→ REQUIREMENT
What are the lines, copied exactly, from the one containing "Perry Ellis Twill Knit Front Zip Jacket" through the final line of the material? Leave the pictures out.

=== RECORDED INFORMATION ===

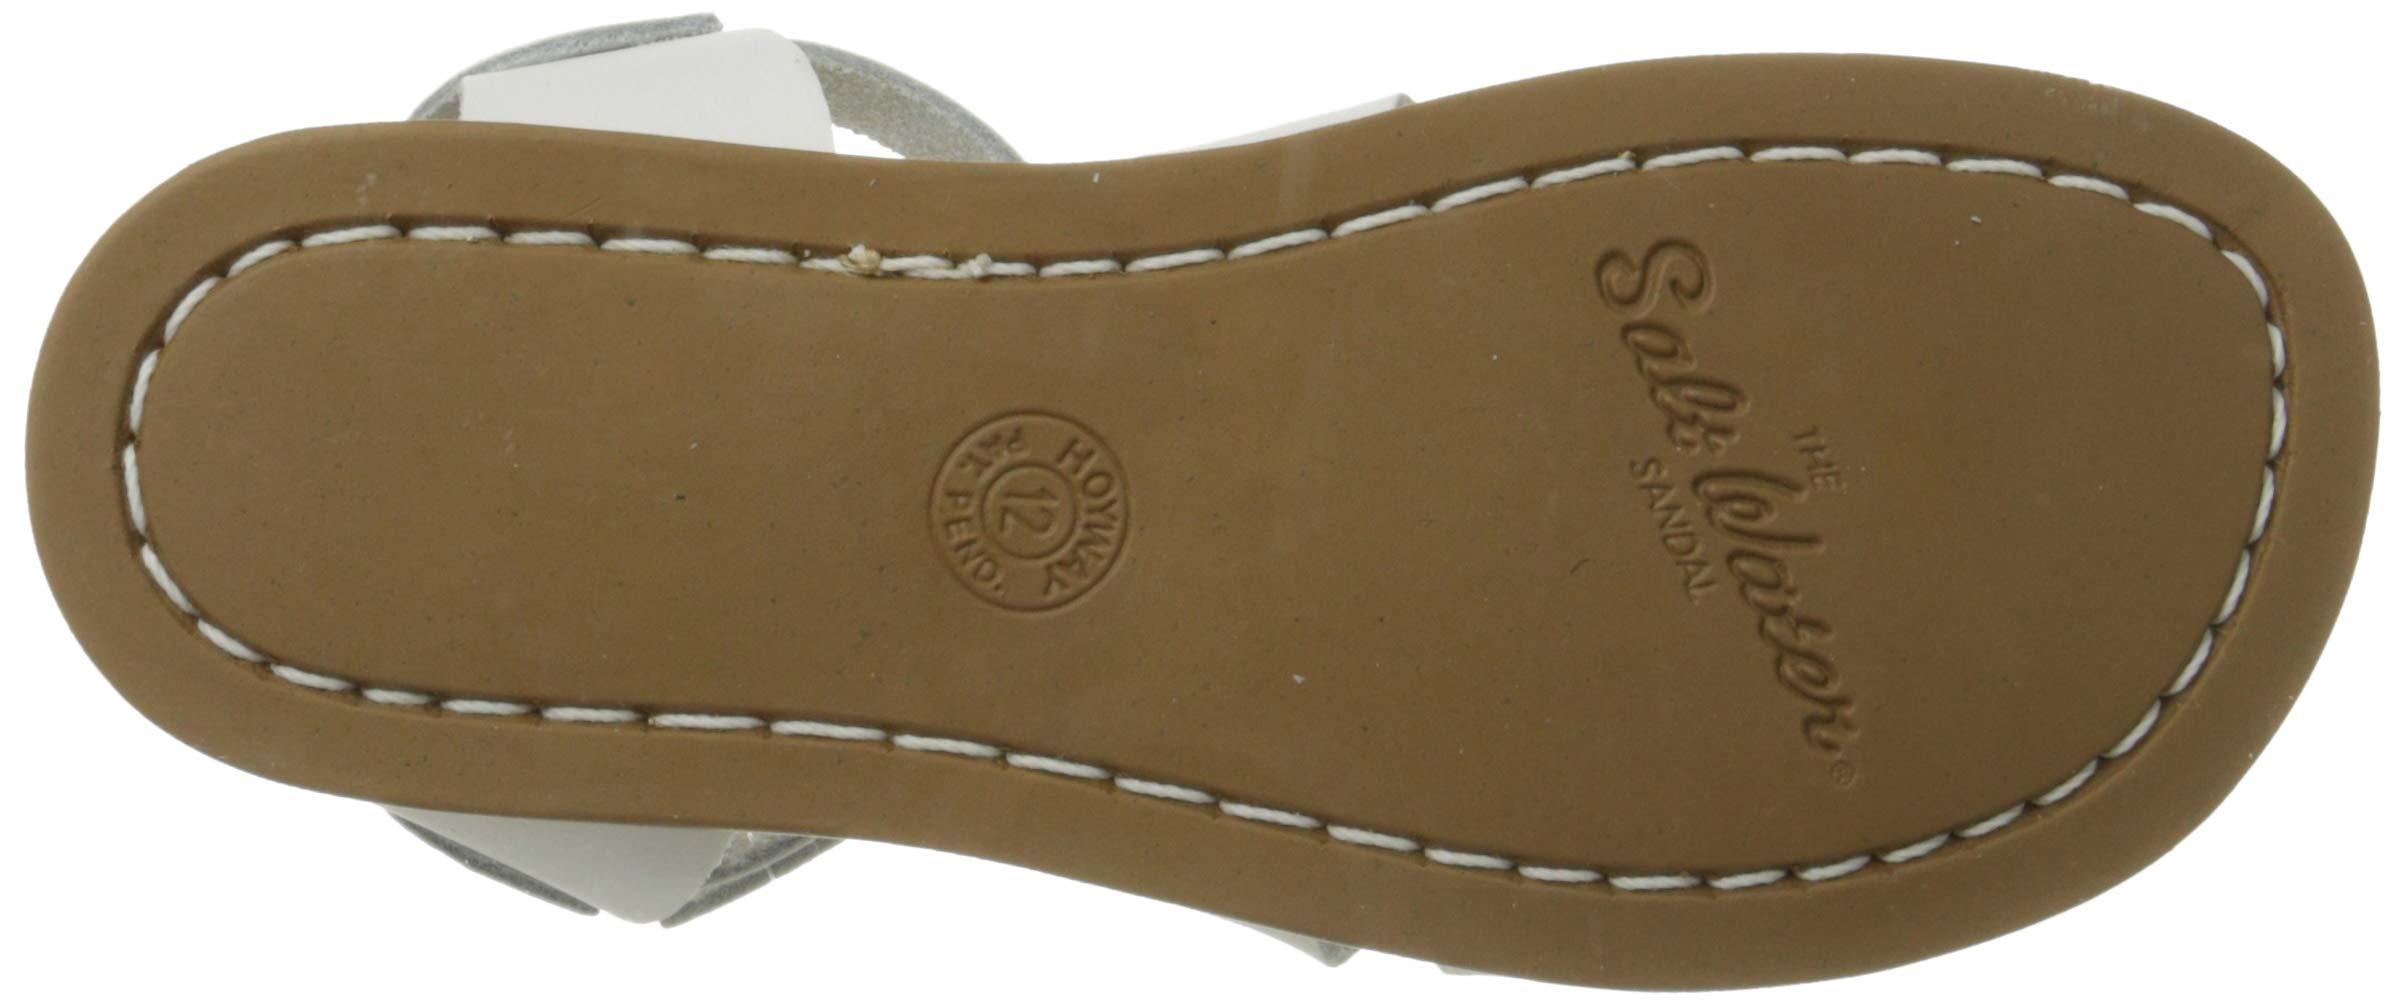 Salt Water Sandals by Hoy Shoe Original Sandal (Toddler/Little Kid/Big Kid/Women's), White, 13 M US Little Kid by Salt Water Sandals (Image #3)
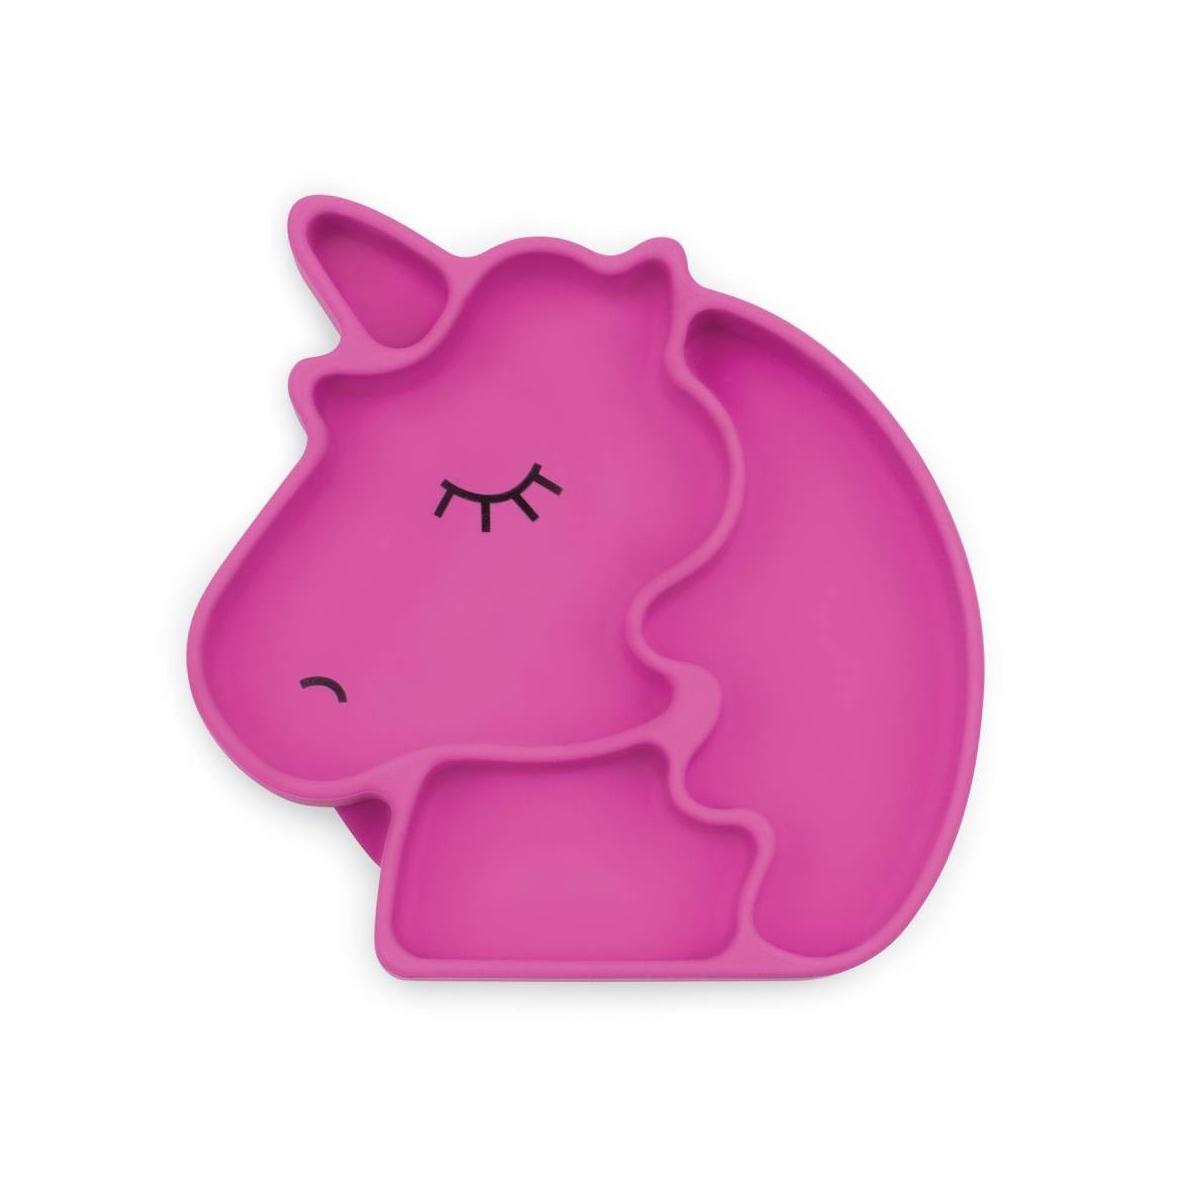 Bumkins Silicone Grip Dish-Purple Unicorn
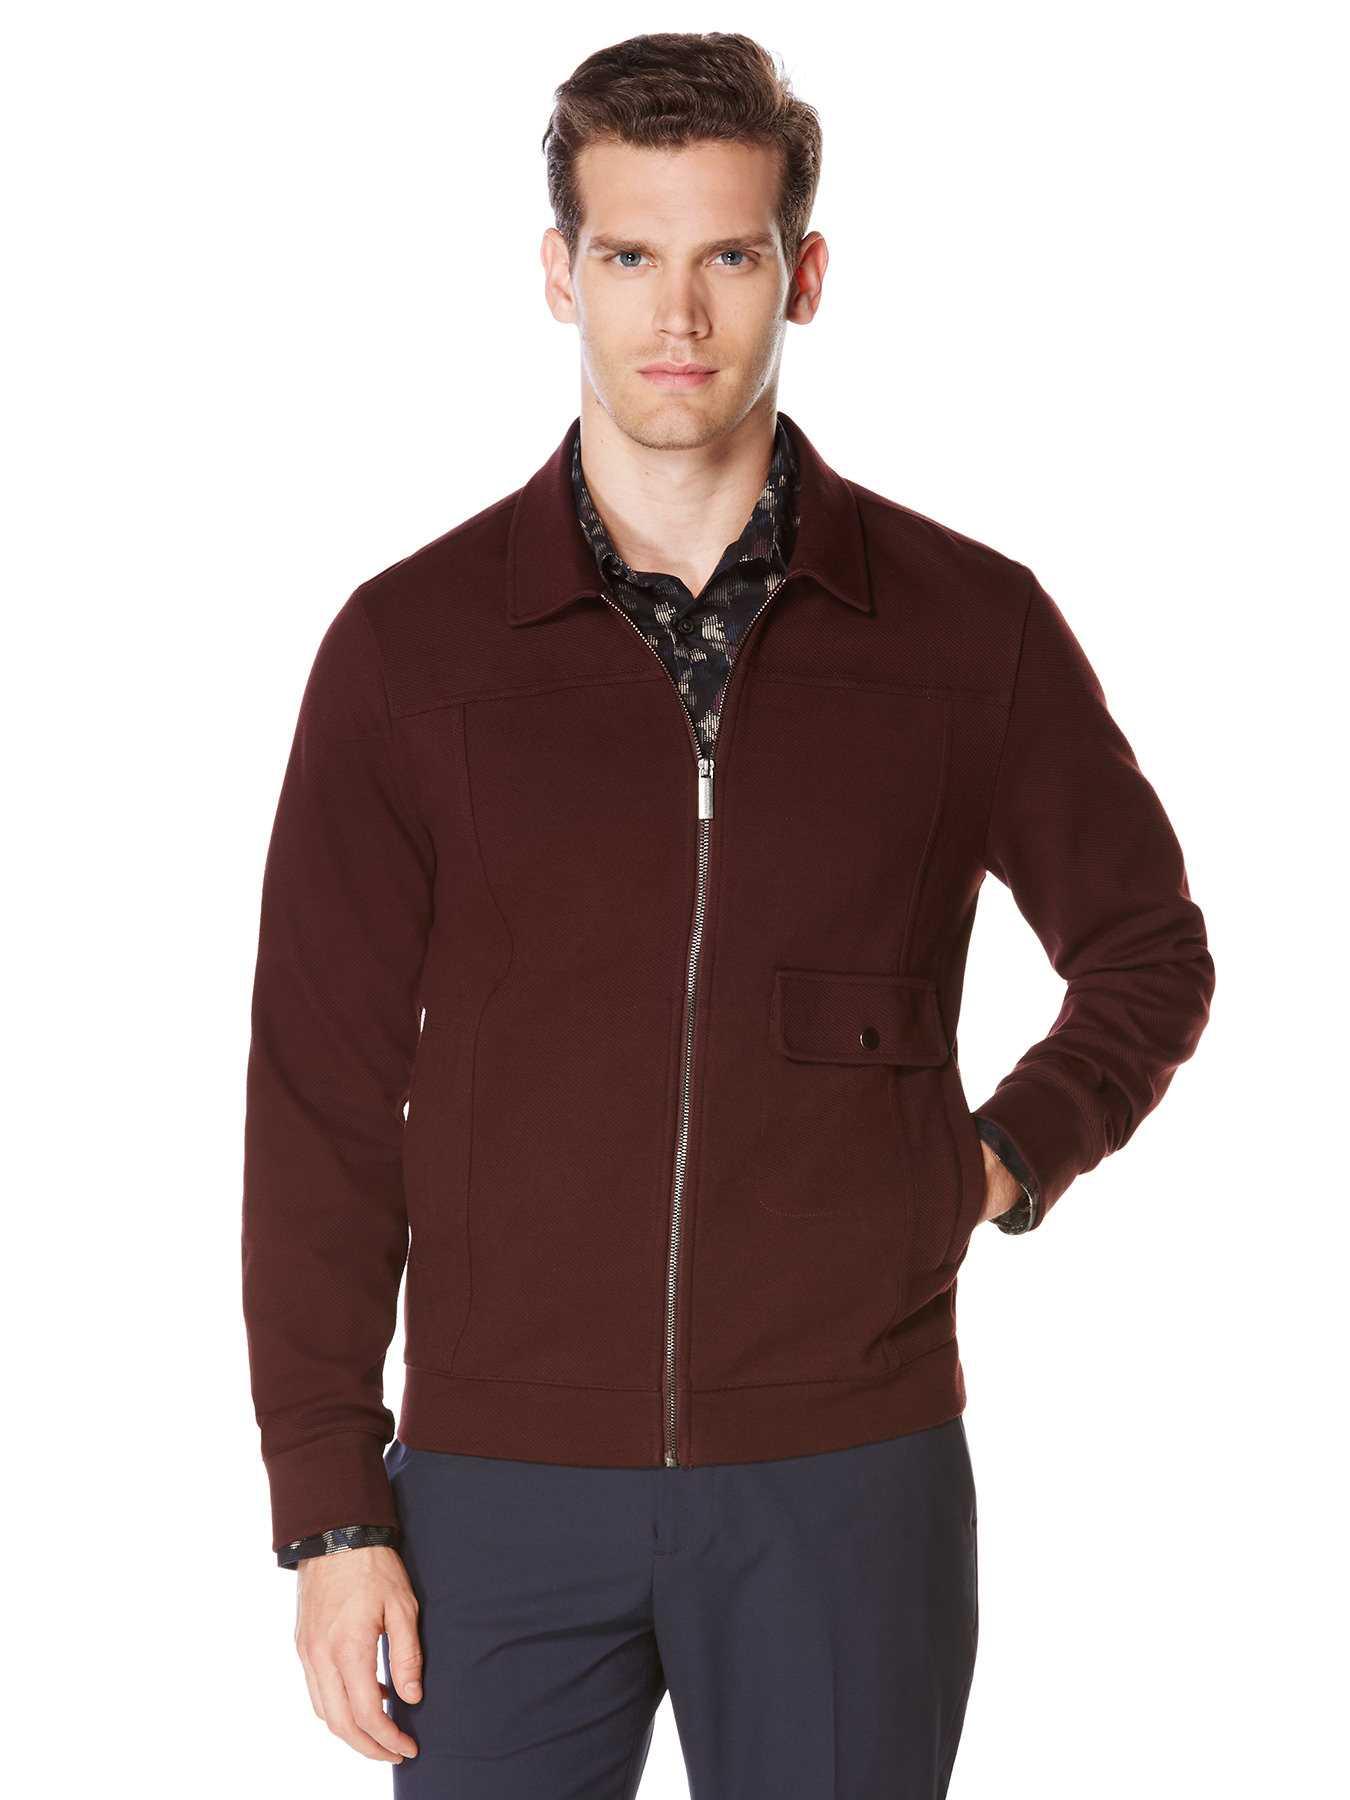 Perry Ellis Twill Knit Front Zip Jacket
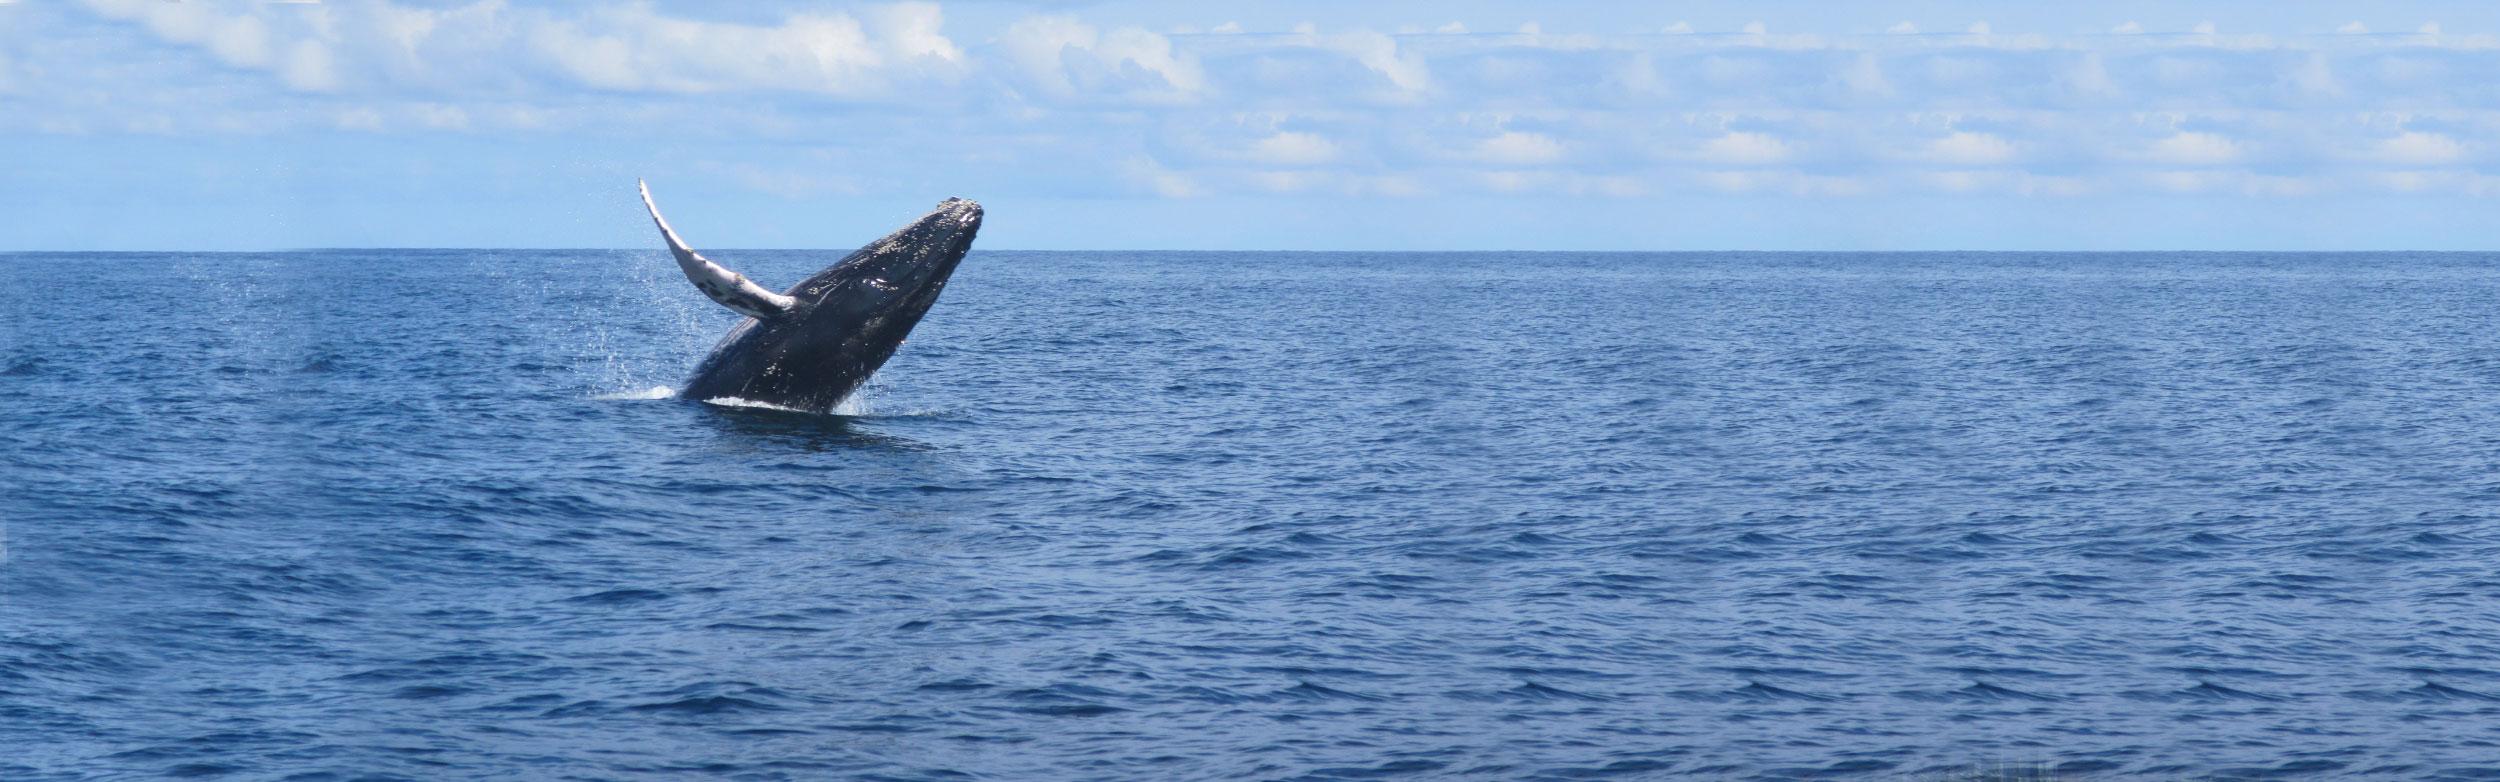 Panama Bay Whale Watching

===

→ PROBLEM SOLUTION
 Perry Ellis Twill Knit Front Zip Jacket
 Panama Bay Whale Watching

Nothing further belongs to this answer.